Explainability is a multifaceted concept, and there is no single metric to measure it. The evaluation of explainability involves comparing the feature importance provided by different models, such as comparing the explanations of ANN and BiLSTM with those of traditional models. In this study, another two sets of performance metrics were adapted to evaluate deep learning models’ prediction and classification results. For prediction, mean absolute error (MAE) and mean squared error (MSE) was used to evaluate the performance of the prediction model. Both metrics measure the deviation or difference of a predicted value from its actual value. For classification, a traditional confusion matrix was used to calculate precision, F1-Score, recall, and balanced accuracy metrics of deep learning results on multi-label classification.

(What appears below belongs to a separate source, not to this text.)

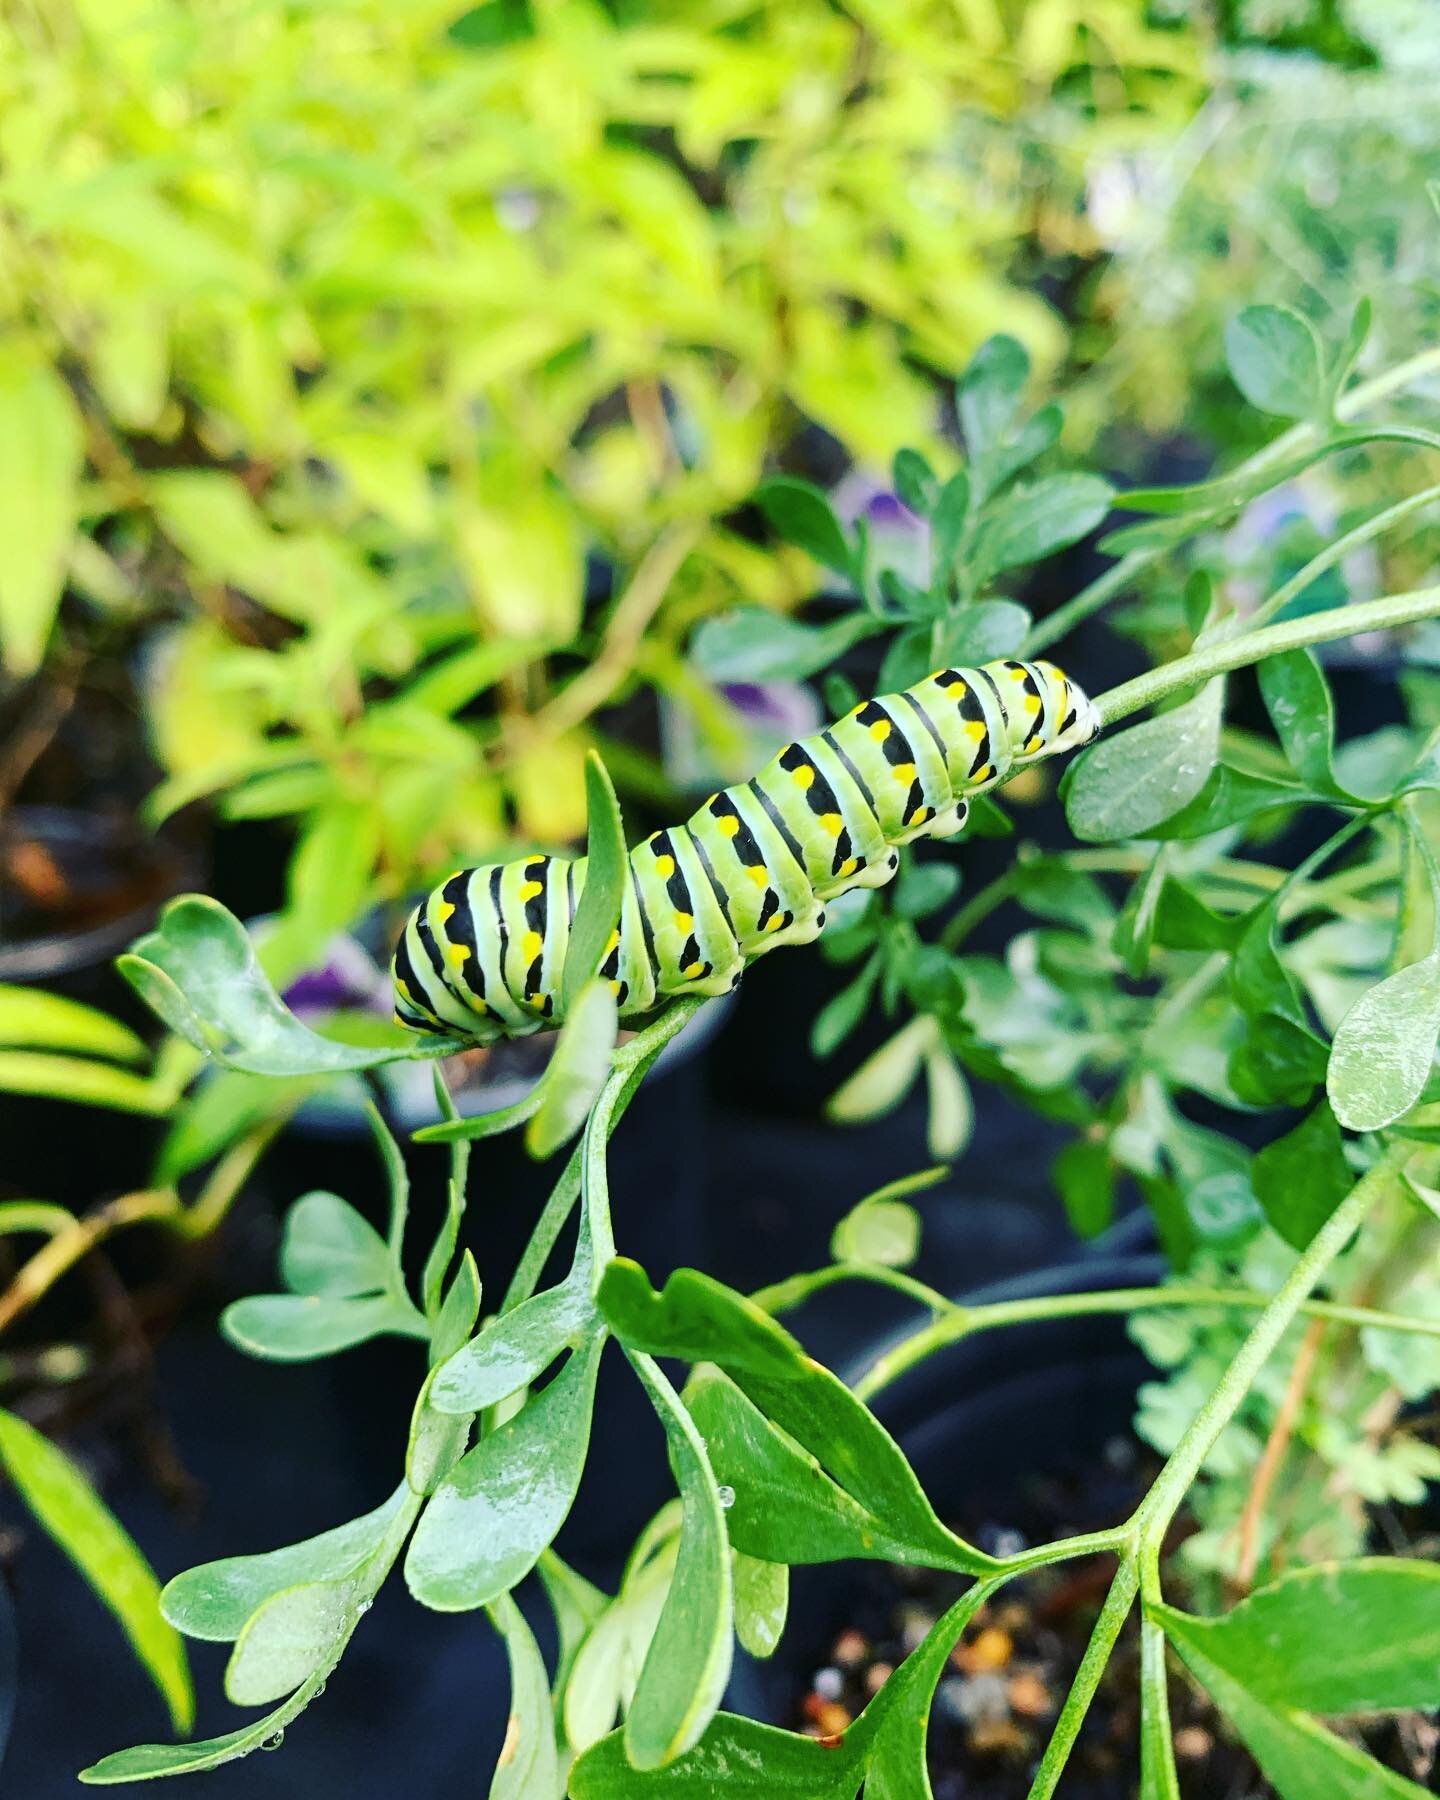 Found this fella munching on some rue this morning! Can anyone guess what kind of caterpillar he is?
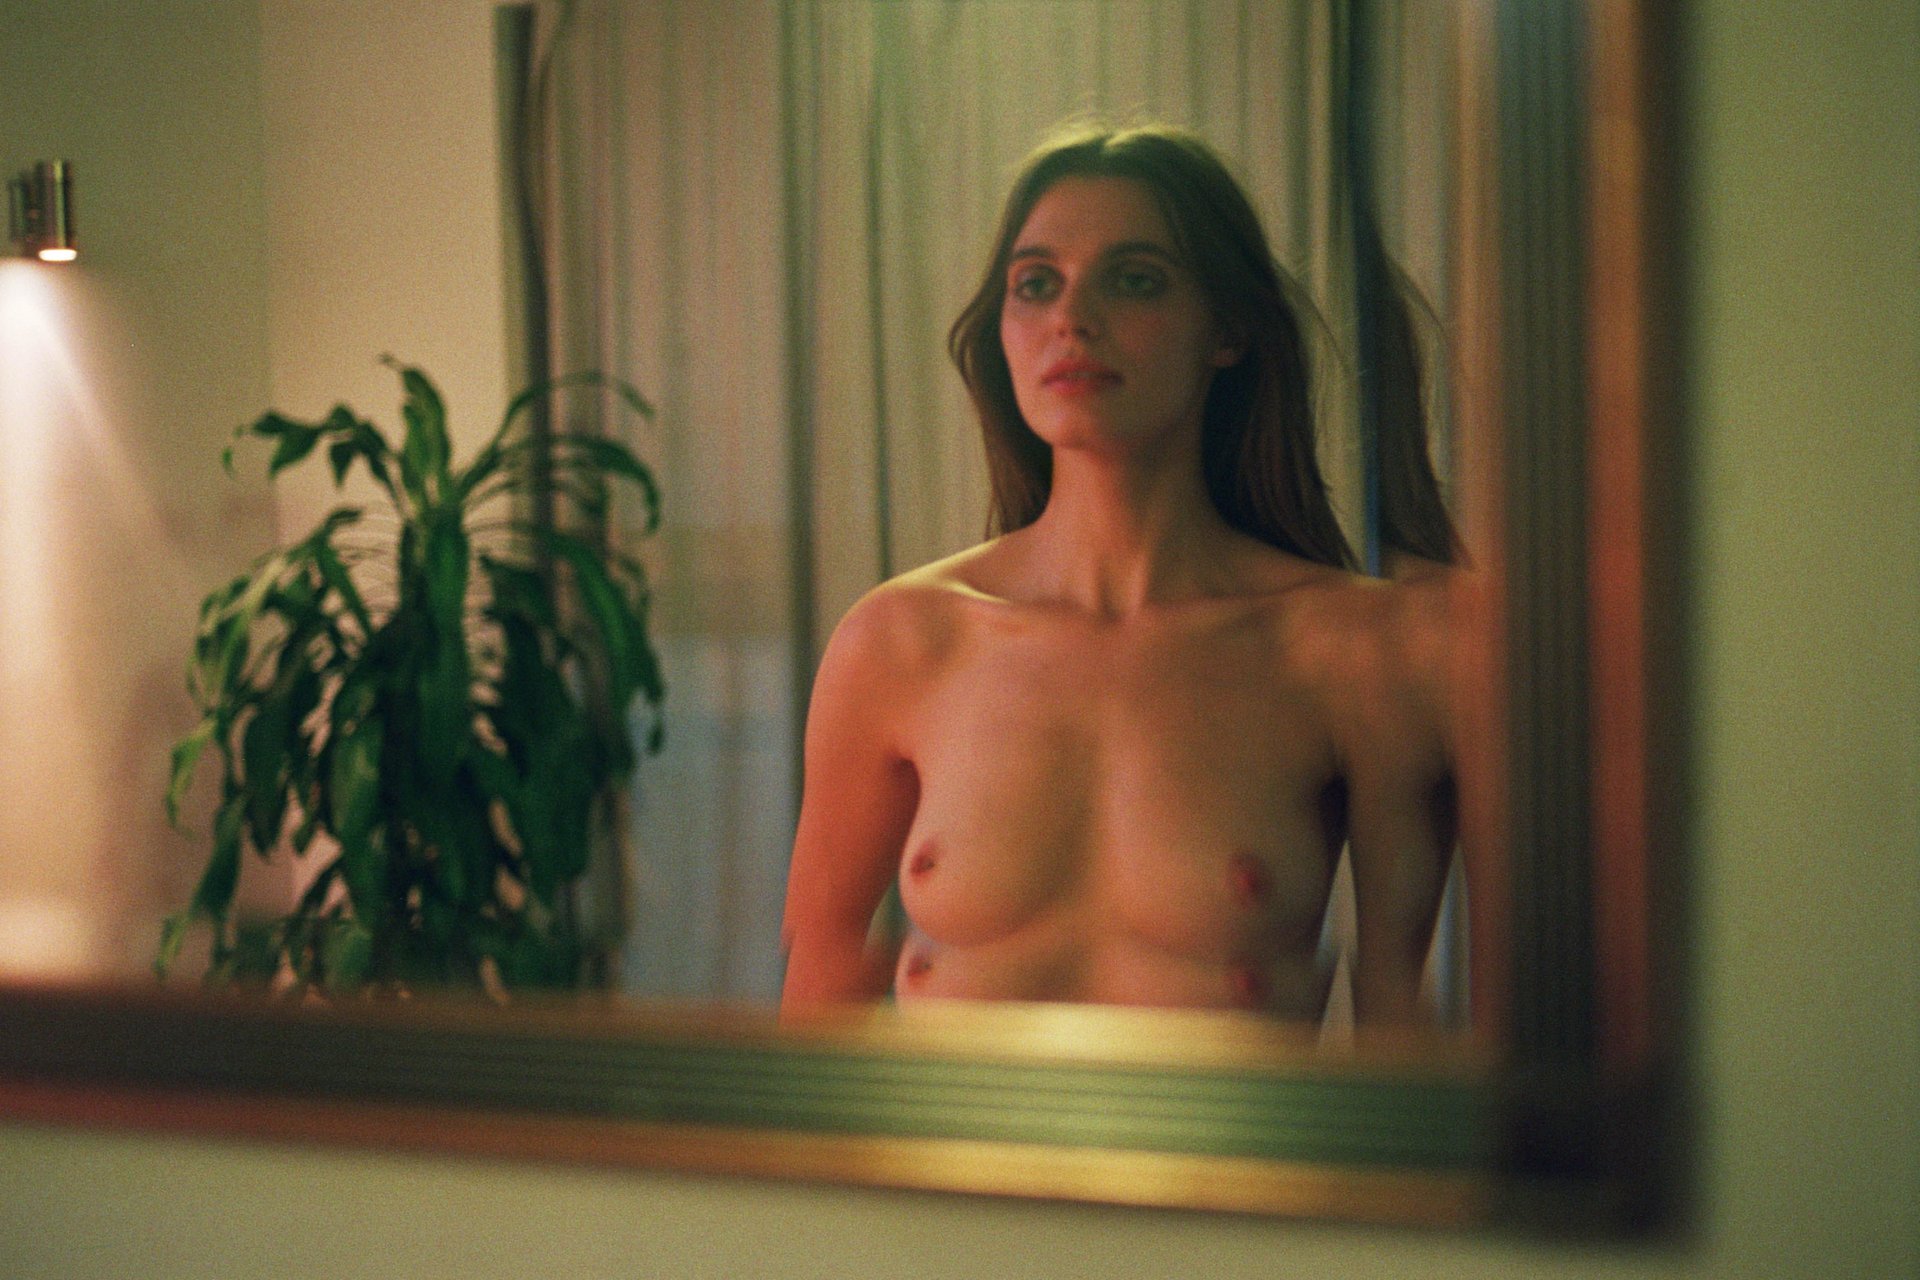 Check out the nude photos and video of Lola McDonnell by Alessandro Casagra...

The proposed QXAI approach was evaluated on its ability to predict heart rate based on sensor data and clinical indicators. Other vital signs retrieved from human subjects were in the PPG-DaLiA dataset. The two deep learning models ANN and attention-based BiLSTM proposed in the framework were trained on the data to predict the vital signs. The models’ performance was compared with other traditional models shown in Tab. II. The ANN model performed better than the attention-based BiLSTM, MLP, and LSTM models with MAE and MSE of 3.33 and 24.51 respectively.

The proposed QXAI approach was also used to explain the classification of human physical activities. Both the deep learning models ANN and attention-based BiLSTM were trained on the MHEALTH dataset. Model classification performance was compared to DNN and CNN, as shown in Tab. III. The ANN model had the best performance, with all evaluation metric values equalling 100%. CNN and DNN models also performed better than the attention-based BiLSTM model. The proposed framework disclosed the intrinsic weights of each feature in classification and post-hoc model explanations with Shapley values.